Note that this was prepared well before the current economic crisis, which has the U.S. economy taking a serious hit.
However, Stephen Aguilar-Millan, our colleague who writes The Futurist -- a must-read blog for anyone looking ahead -- has performed an interesting analysis that concludes it is highly unlikely for China to surpass the U.S. in GDP at any time before the mid-2020s.
I encourage you to read Stephen's entire article and review his statistics; both very enlightening. He concludes:
We can see that the forecast of 2015 as the point where China’s GDP overtakes America’s GDP is nothing more than a wild dream.
The exchange rate is the key factor in an accelerated China passing the USA in GDP.
Here are how the numbers would work from a May projection. Note: that China has held its exchange rate steady for three months.
Also, China is undergoing a new statistical census. If the numbers match the city and regional numbers then the national GDP growth could be underestimating the GDP by 3-4% per year as it did in the last statistical census.
In 2008 and 2009, it looks like the US is heading for zero to negative 2-3% growth and China is going to 8-9%.
Posted by: Brian Wang | October 13, 2008 at 07:11 AM
Futurists quotes Economist 2007 figures of US GDP 12.7 trillion and China GDP 2.2 trillion.
BEA.gov has Q2 2008 US GDP 14.3 trillion.
China GDP for 2008 is 27 trillion yuan.
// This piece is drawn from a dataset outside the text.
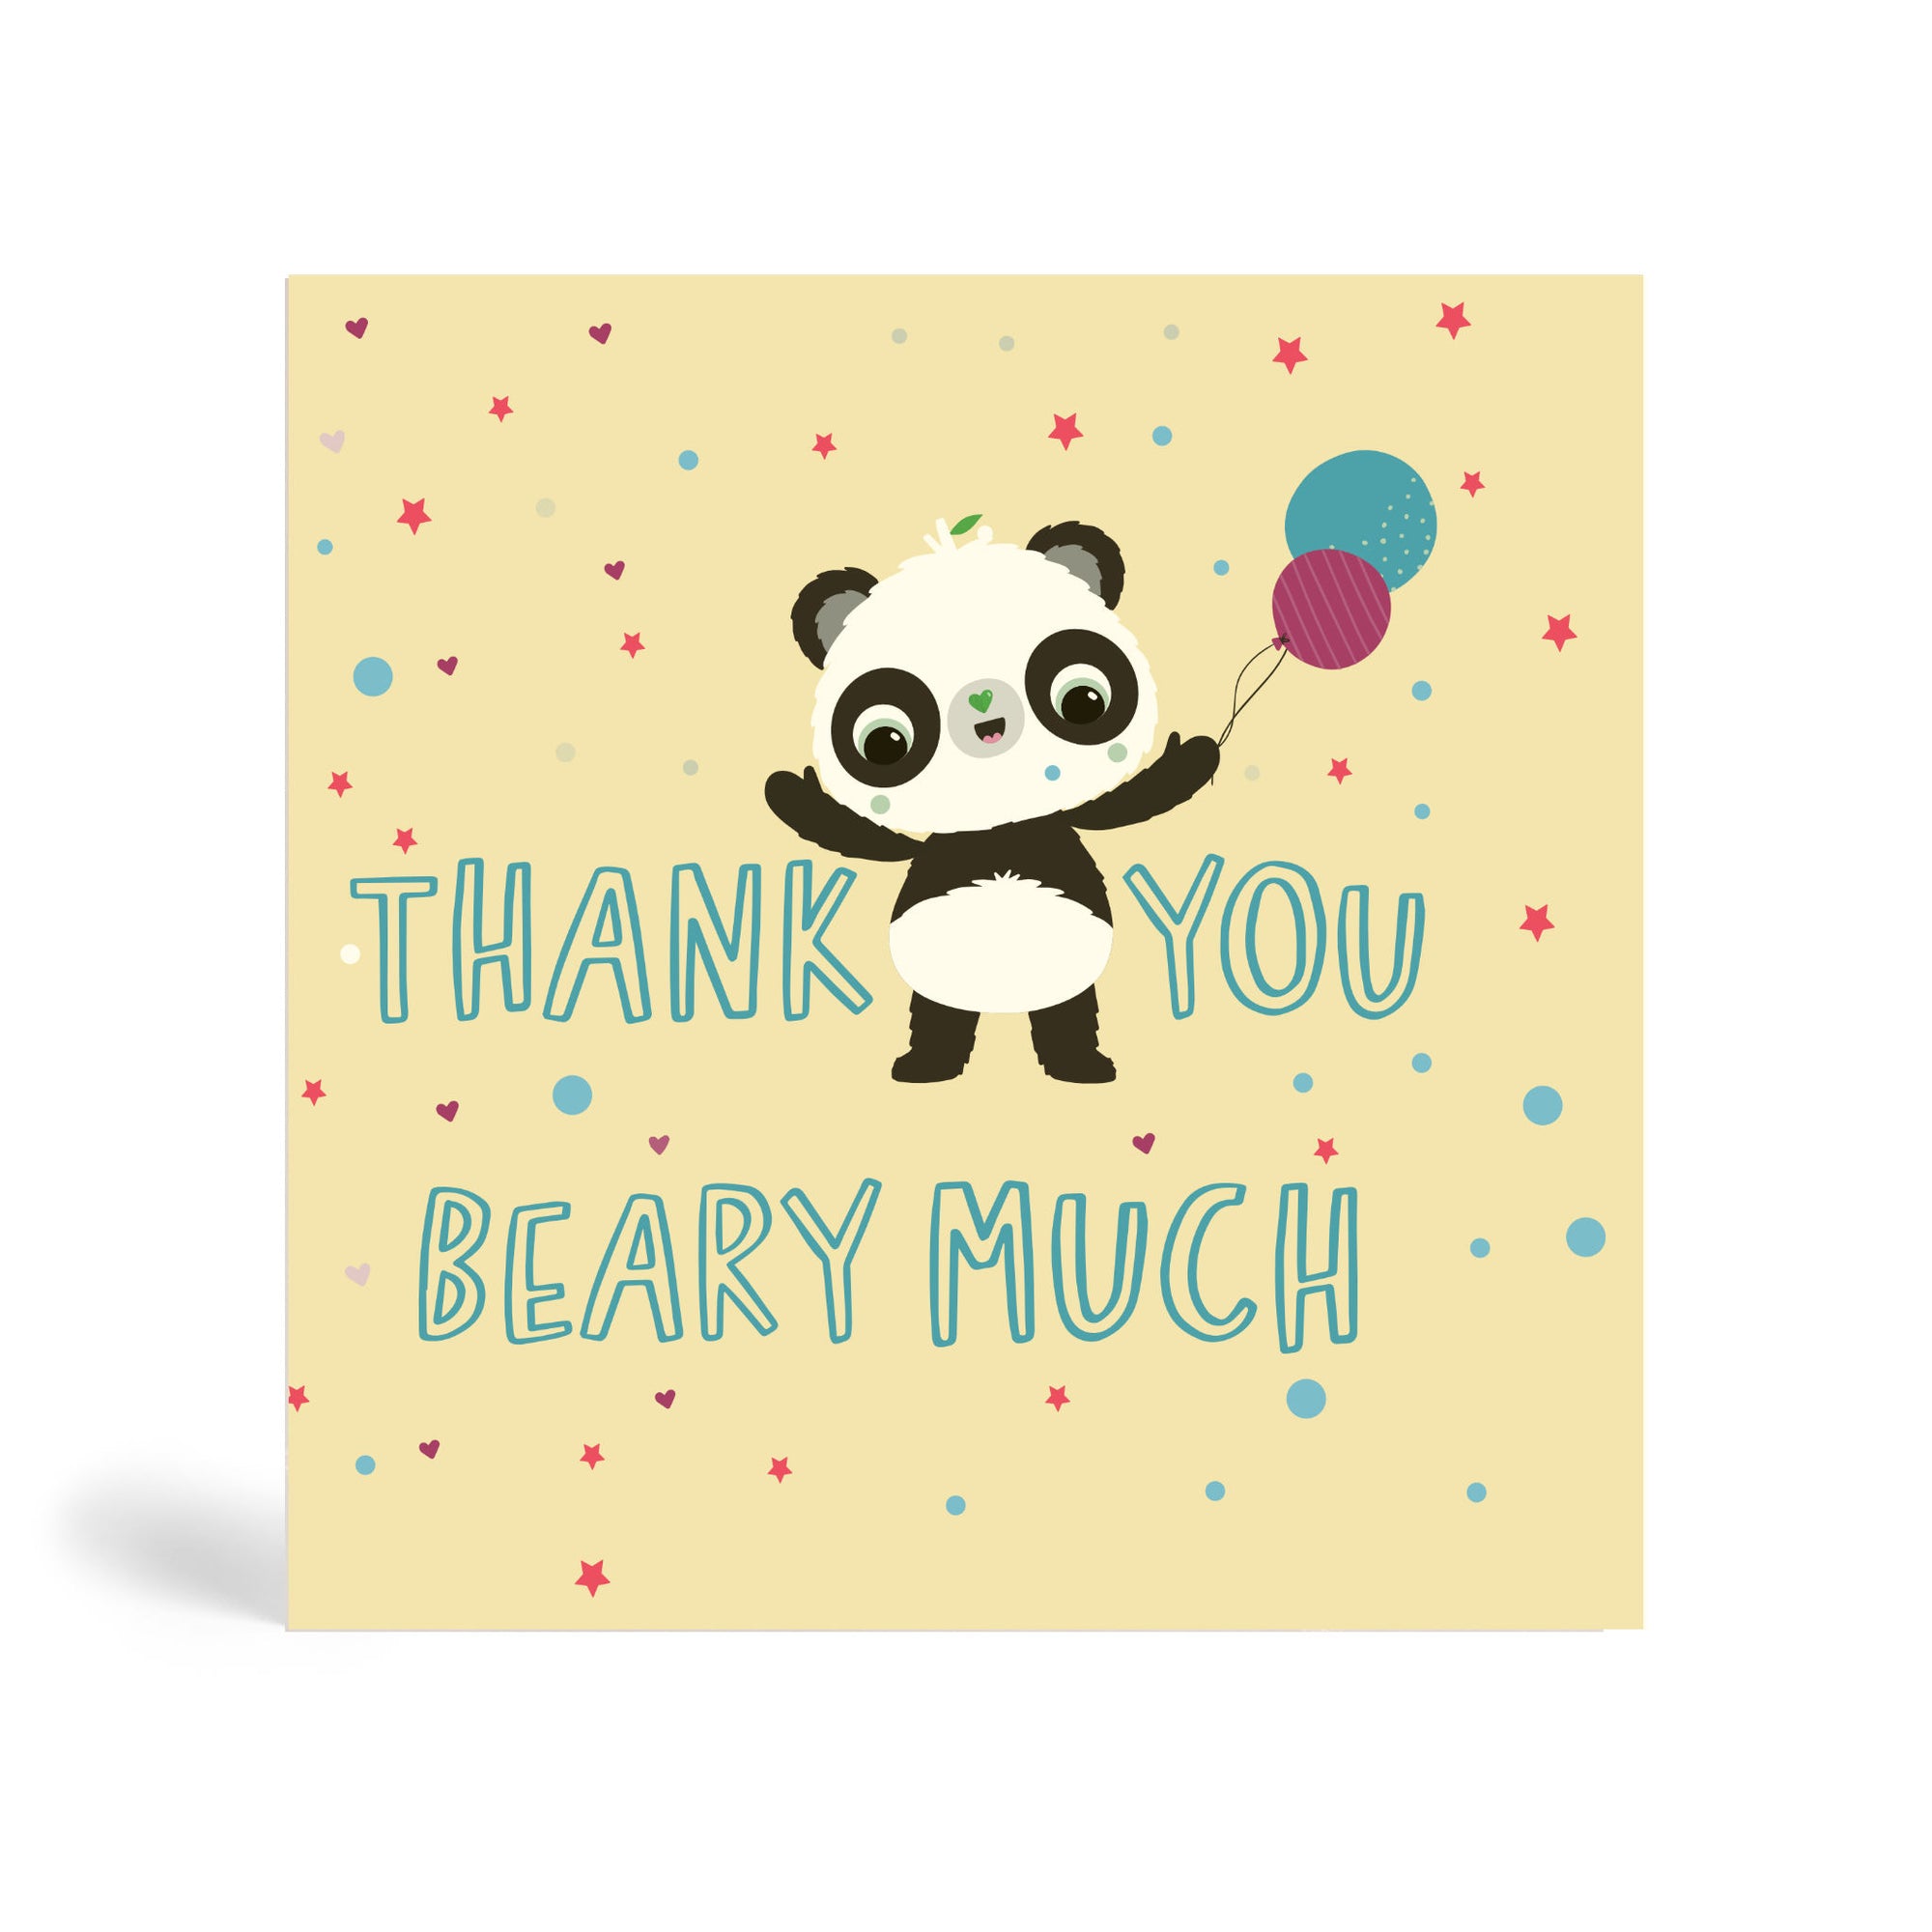 Cream 150mm square eco-friendly, tree free thank you greeting card with Panda holding a purple and green balloon with different colour stars, circles and heart shape in the background. The cards say, thank you Beary Much. Panda Joy UK, environmentally friendly greeting cards.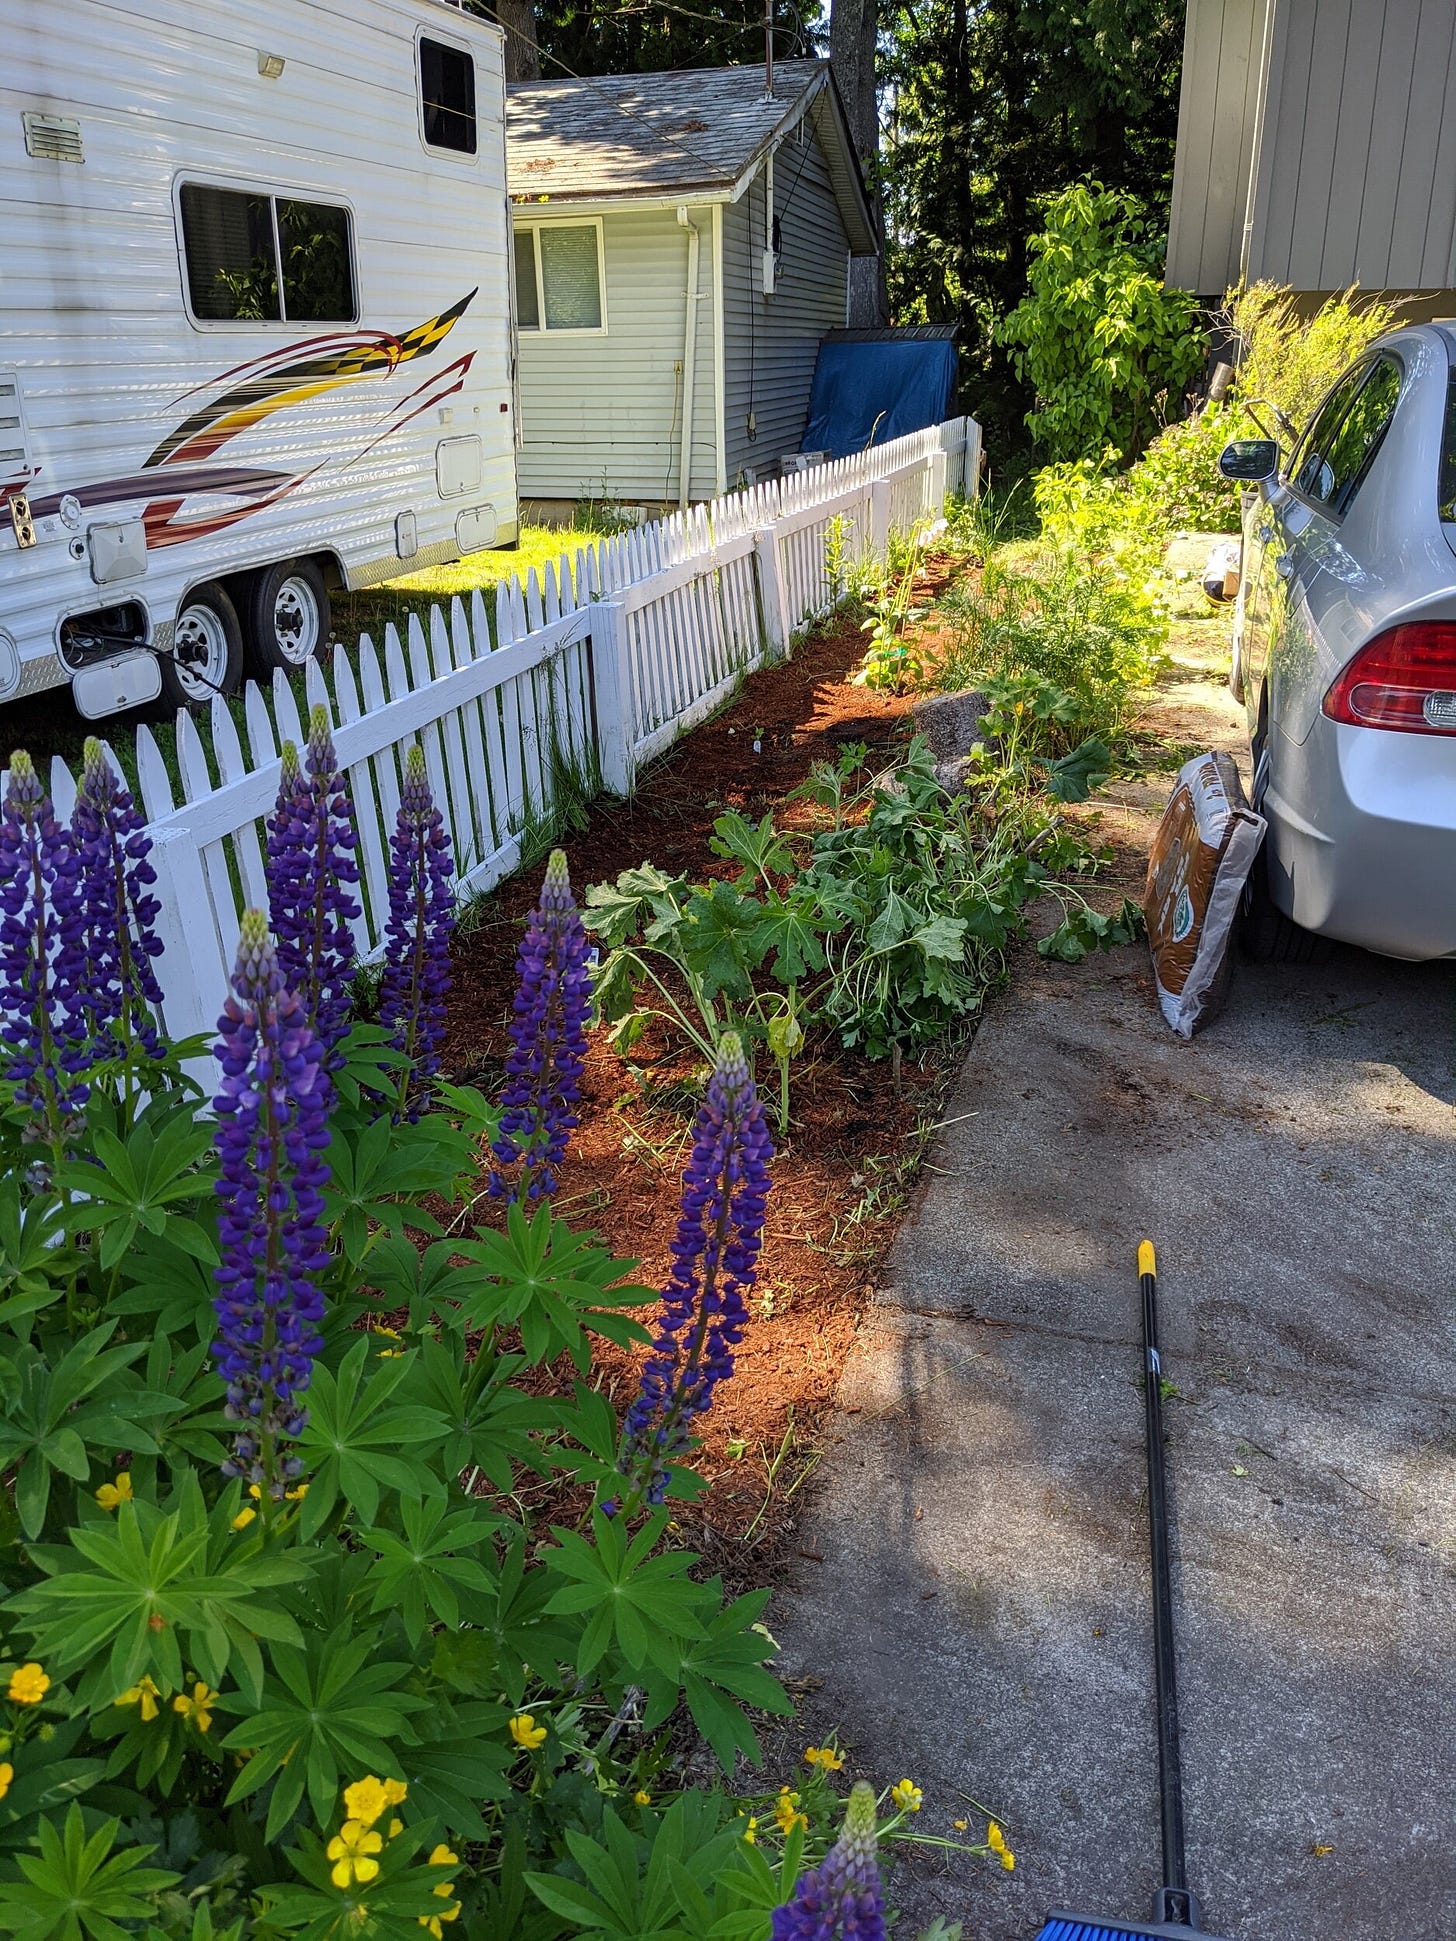 The new bed! Cardboard, mulch and a beautiful Lupine crowded by butter cup flowers.

At 6.82 exchange rate China's GDP (not including Hong Kong and Macau) is $3.95 trillion.
If China was following the 2007 numbers its GDP would be about $2.5 trillion in terms of a ratio that is in line with $14.3 trillion for the USA.
The Economist is projecting Cnhina's GDP growth rate at about 8.5% and the US after 2009 at about 2.5%. Both are until 2013.
The Economist is projecting China's currency to appreciate to 6.25 to the US $ in 2013. This is a slower appreciation projection than most other sources.
Posted by: Brian Wang | October 13, 2008 at 04:25 PM
His figures from 2007 Economist
$12.4 trillion US
$2.2 trillion China
China was 17% of US economu
BEA.gov (official US stats) $14.3 trillion
China $3.95 trillion.
China is 27.6 %
Hong Kong $300 billion
Macau $13 billion
China + Hong Kong and MAcau (which were returned to China) $4.27 trillion
china+Hk+Macua is 29.9%
China's currency is arguably 20-40% undervalued now.
China's statistics according to the Economist could still be understating the size of the economy by 5-10%. Current economic census would give a better indication.